I need approval for the bits outside the vectorizer (target.h,
target-def.h), and for the changes in the spu port.

"
This patch adds vectorizer cost model testing for the SPU, and also defines
the cost-model target-specific costs for the spu. While tuning the
cost-model for the SPU I also found a few places where we can be a little
more accurate, so this patch also includes several small fixes/enhancements
to the cost-model itself:

- Use TARG_SCALAR_TO_VEC_COST for the reduction initialization cost
(instead of TARG_VEC_STMT_COST).

- Use TARG_VEC_TO_SCALAR_COST for the reduction finalization cost (instead
of TARG_VEC_STMT_COST).

- In computing the cost of the reduction epilogue there was a bug which
caused us to never take the path of the epilogue that uses vector-shifts
(instead we always took the path of the epilogue that uses scalar
operations). This caused to estimate higher costs for reduction epilogues
on powerpc (in one testcase the cost was computed to be 32, instead of 10).
So now with this fix a couple loops in the powerpc costmodel testsuite get
vectorized when they didn't before.

- Have vect_estimate_min_profitable_iters return the threshold it computed
minus 1 (instead of returning min_profitable_iters), because the way it is
used later is in the following condition:
      "if (niters <= min_profitable_iters) then skip the vectorized loop"
(whereas min_profitable_iters is already expected to be profitable, so we
are being too conservative).

- Differentiate between the costs of different scalar stmts instead of
using a cost 1 for all scalar stmts (even this is probably not enough - we
probably want to be able to have a finer differentiation eventually).

- Add a target-builtin to allow targets to add any additional global costs.

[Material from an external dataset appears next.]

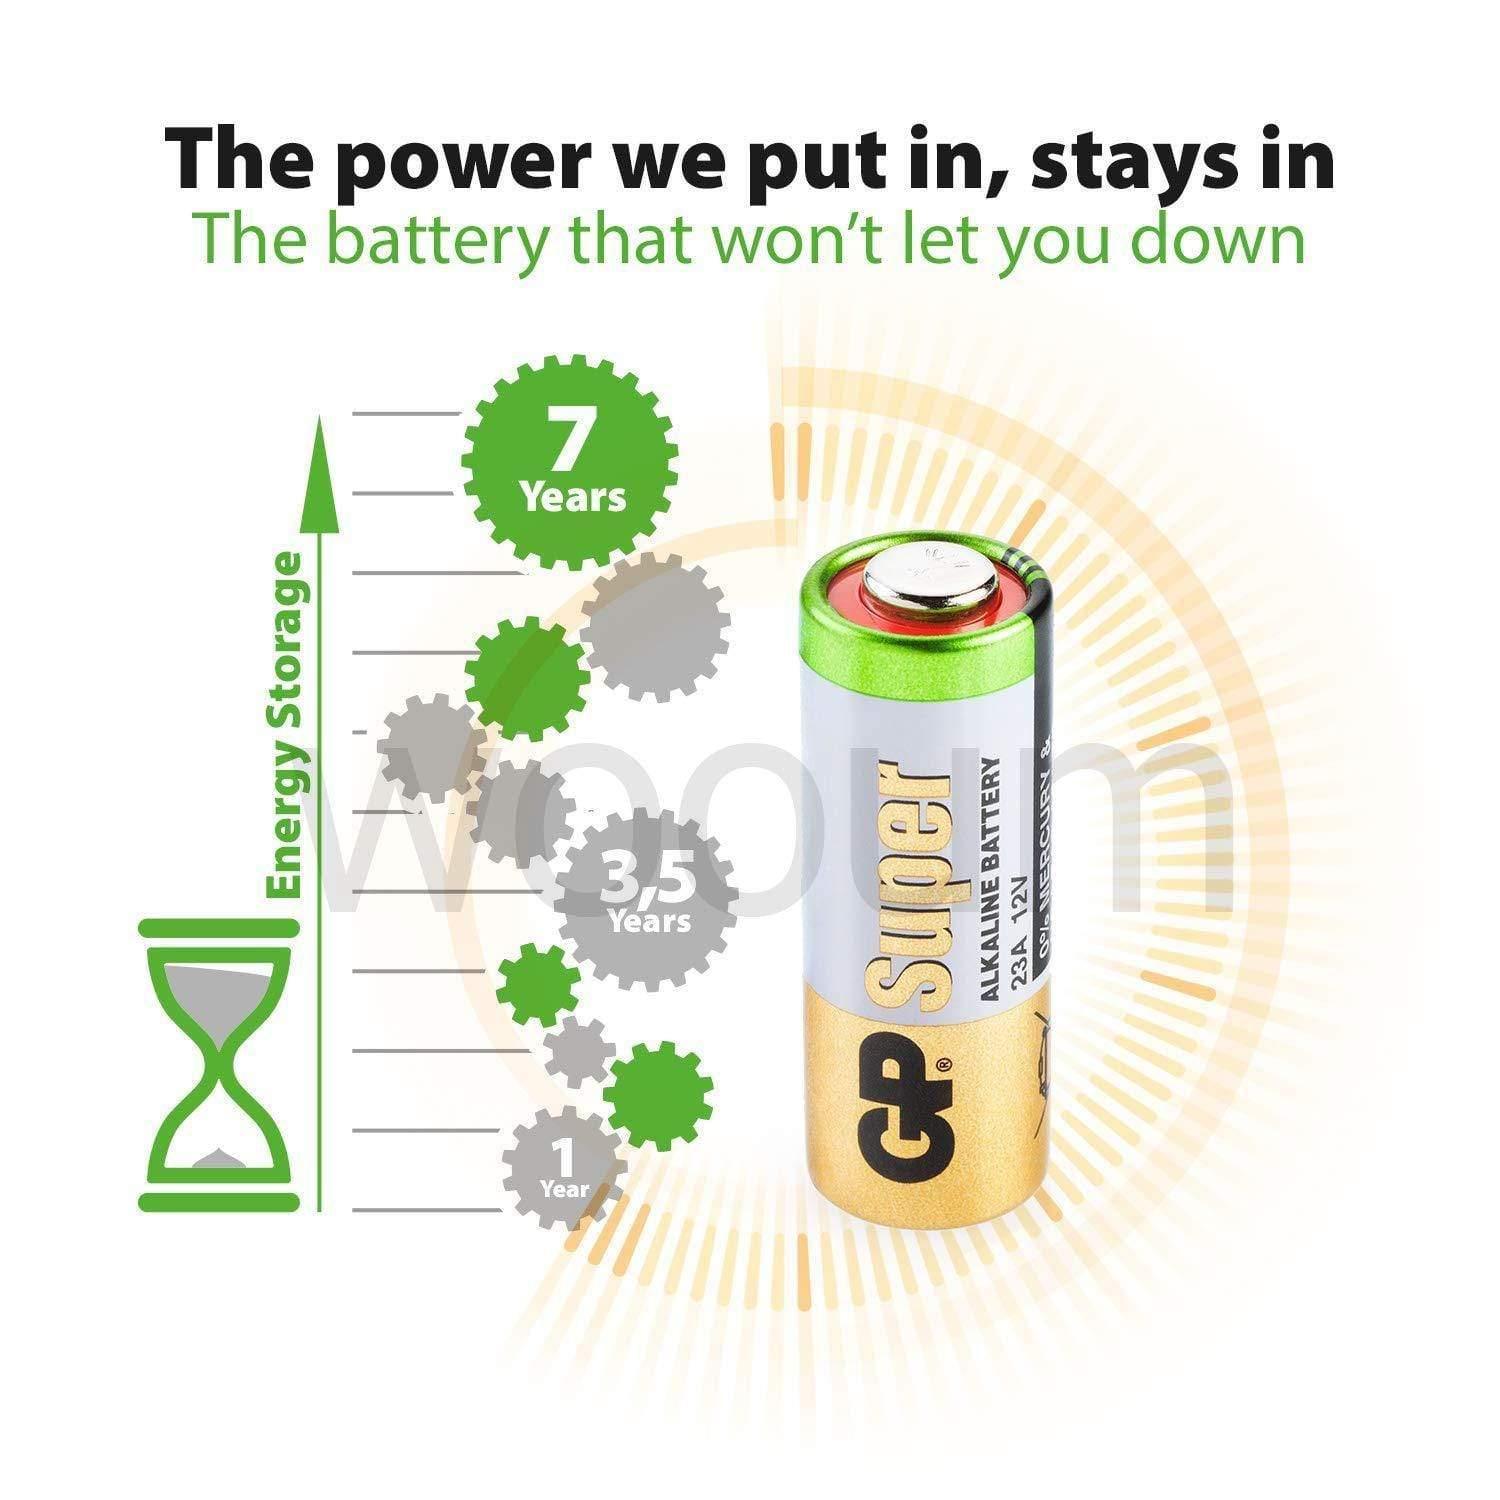 GP high voltage 23A Pack of 12V Alkaline Battery High Voltage Cell Car Remote Battery-General Purpose Batteries-dealsplant

- When we don't know the number of prologue/epilogue iterations we
currently assume the worst (i.e. VF-1). Instead, this patch changes it to
use (VF-1)/2, which is supposed to be "statistically" closer to reality,
with a small bias towards vectorizing. We can consider having different
levels of conservativeness to the cost model, according to a user specified
parameter, which would affect, among other things, if we estimate the
prologue/epilogu iteration count to be (VF-1)/2, or VF/2, or VF-1 (most
conservative).

About the SPU specific stuff - these are the costs that I currently set
(based on tuning only on one benchmark suite, I'm sure this can be further
refined):

- scalar load: 2 (rational: load + rotate)
- aligned vector load: 1
- unaligned vector load: 2 (rational: load + shuffle)
- scalar store: 10 (rational: it takes about 10 cycles for the stqd to
start when doing a scalar store because it's preceded by a load + shuffle
sequence)
- targetm.vectorization_cost: adds to the latency of a mispredicted branch
(19) to the costs of choosing the scalar version of the loop (the cost of
following the mis-predicted path when skipping the vectorized loop).
- branch cost: 6 (rational: somewhere between the latency of a correctly
predicted branch (1) and the latency of an incorrectly predicted branch
(19) relative to the latency of other insns (2-7). i.e some kind of
"average" over {1,19/7,19/2}).
- all other costs - 1 per insn
"

Bootstrapped with vectorization enabled and tested on the vectorizer
testcases on i386-linux. Also bootstrapped on powerpc-linux (without
fortran, because of http://gcc.gnu.org/ml/gcc/2007-07/msg00038.html).
Also built for the SPU and tested the vectorizer testcases on the SPU.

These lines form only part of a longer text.